Üzerinde birtakım değişiklikler yapmışlar, olmayan şeyleri koymuşlar ve gece yarısı bunu yayınlatmışlar. Bunların hepsine birden baktığımızda ben hobi olarak gazetecilik yapan biri olarak diyorum ki burada çok tuhaflık var. Burada buram buram kumpas var. Buram buram tezgah var.”
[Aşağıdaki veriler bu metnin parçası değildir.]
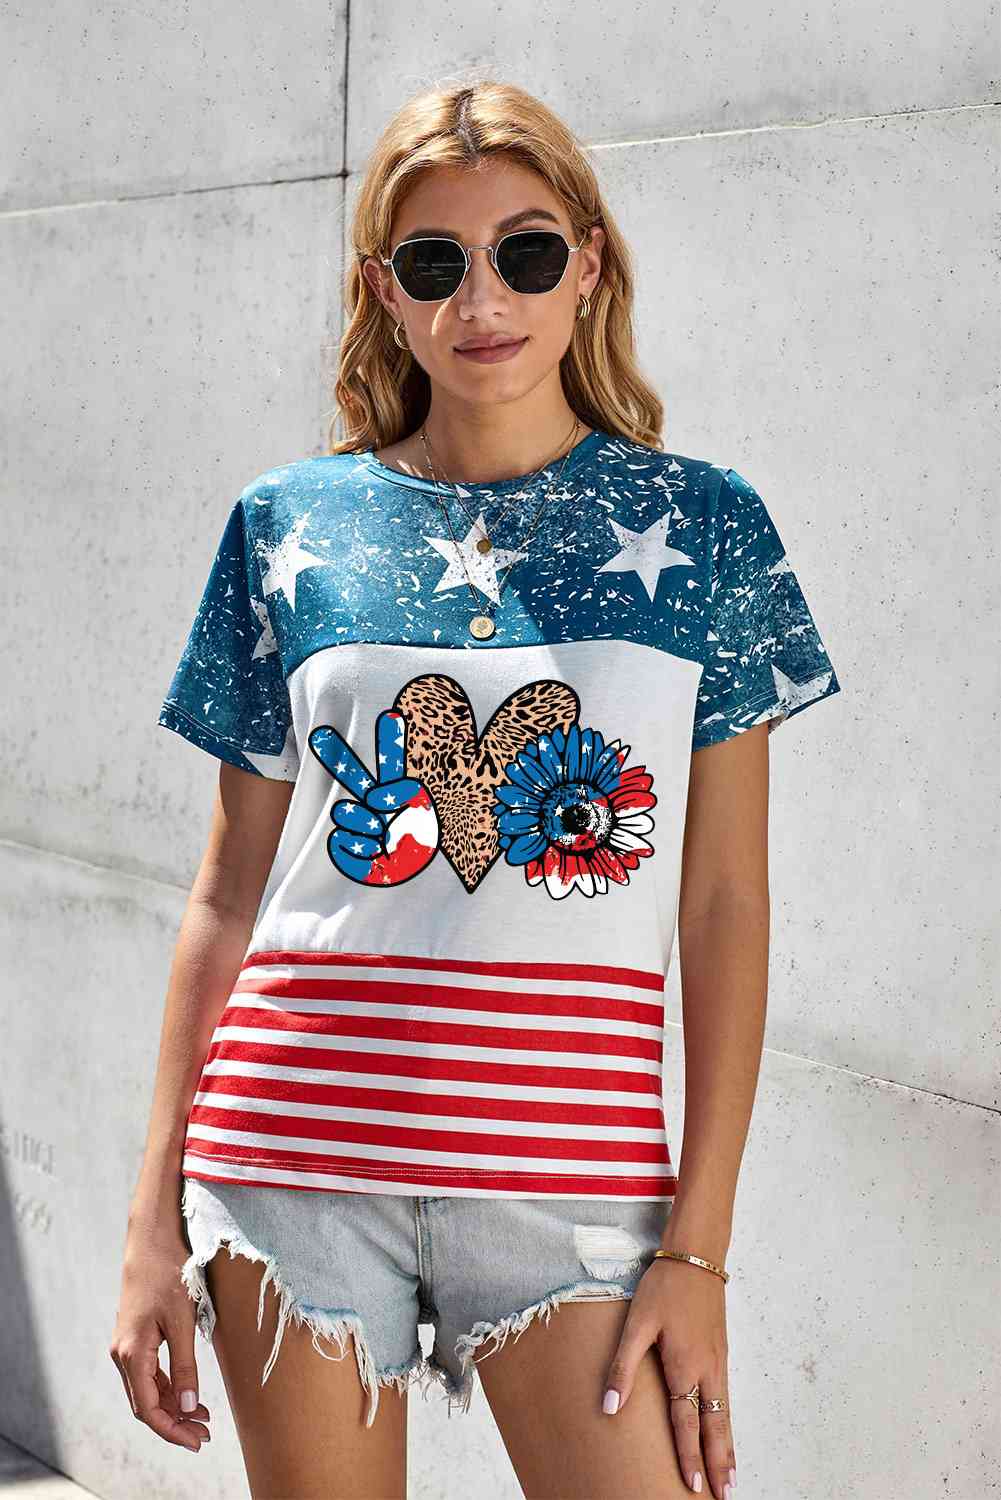 Stars and Stripes Graphic Tee Print on any thing USA/STOD clothes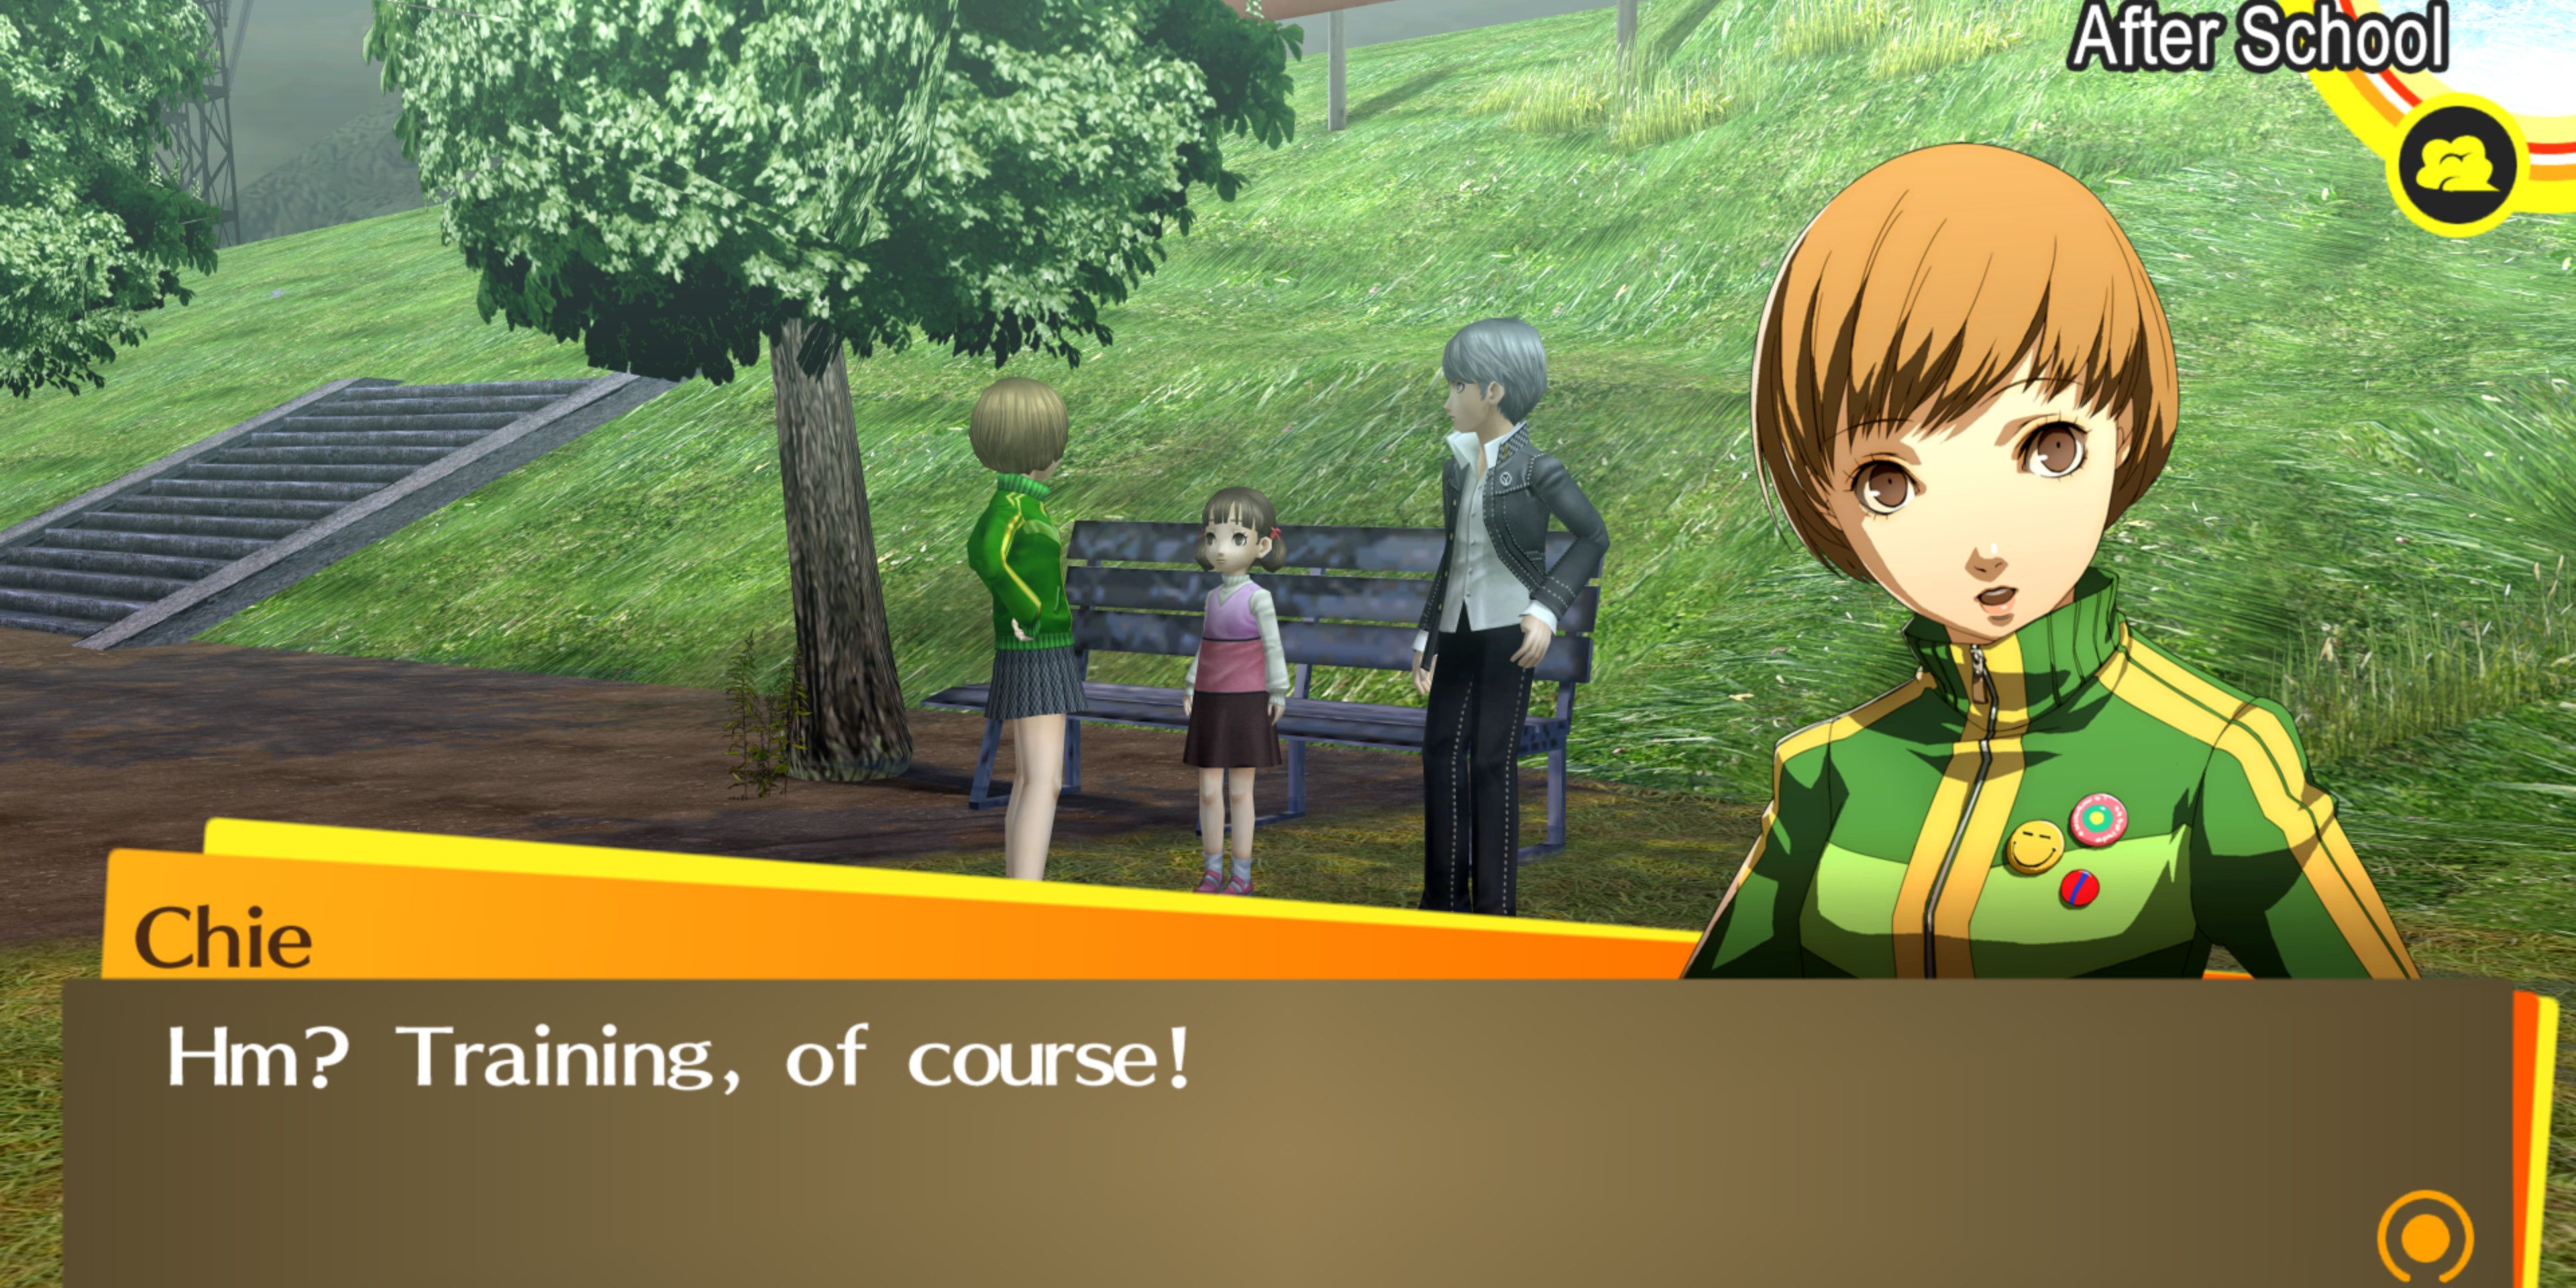 Chie down by the river with the Protagonist and Nanako in Persona 4

SÜLEYMAN SOYLU’NUN “ASARIM, KESERİM” JARGONU…
“Sayın Süleyman Soylu’nun twitlerine ve açıklamalarına bakarsanız genelde asarım, keserim, bir devlet adamına yakışmayacak tarzda bir jargon, ama amirallerin duyurusuna gece yarısı darbe bildirisi denilmesinin hemen ardından İçişleri Bakanı bir açıklama yaptı zannedersin açıklamayı Orhan Pamuk yazmış, böyle bir edebiyat var içinde.
Acaba diyorum; bu tiwit önceden mi hazırlanmıştı? Ya da o gece İçişleri Bakanımız bir şiir yazıyordu o sırada bildiri gelince o edebiyat fışkırmasıyla o tiwiti atmış.
O gün sabah Yeni Şafak’ın manşetinde AKP’nin uleması tabir edilen Hayrettin Kahraman’ın Şeyhülislamvari bir fetva verdiğini ve herhangi bir haber değeri olmamasına rağmen Yeni Şafak Gazetesi’nin ampül gibi manşet yaptığını gördük.
Ben bir bakanın bu Ergenekon’daki tanık arkadaşın açıklamalarından yola çıkarak söylüyorum; Bu duyuru açıklanmadan önce bir AKP’li bakana gittiğine göre bu duyuruyla ilgili, herhangi bir ima vs. olmamasına rağmen tıpkı Balyoz davasında olduğu gibi metin üzerinde oynamalar yapılarak toplumda bir kamuoyu yönlendirmesi yapılarak, algı oyunu yapılarak, darbe iması verilerek sunulan meselede önceden bir bakanın haberinin olması ve o gün Yeni Şafak’ın manşetinde de Cumhurbaşkanı’na hitaben yazıldığı çok açık bir fetvada Cumhurbaşkanı’nın atayacağı kişilere ‘şunlara dikkat et, bunlar senin aleyhinde davranabilir’ diye fetva verilmesi acaba diyorum şu an tam Türkiye’de kabine değişikliği falan konuşulduğuna göre Cumhurbaşkanı’nın atayacağı bakanlar kurulu listesini manipüle etmek için mi yapıldı bu iş.”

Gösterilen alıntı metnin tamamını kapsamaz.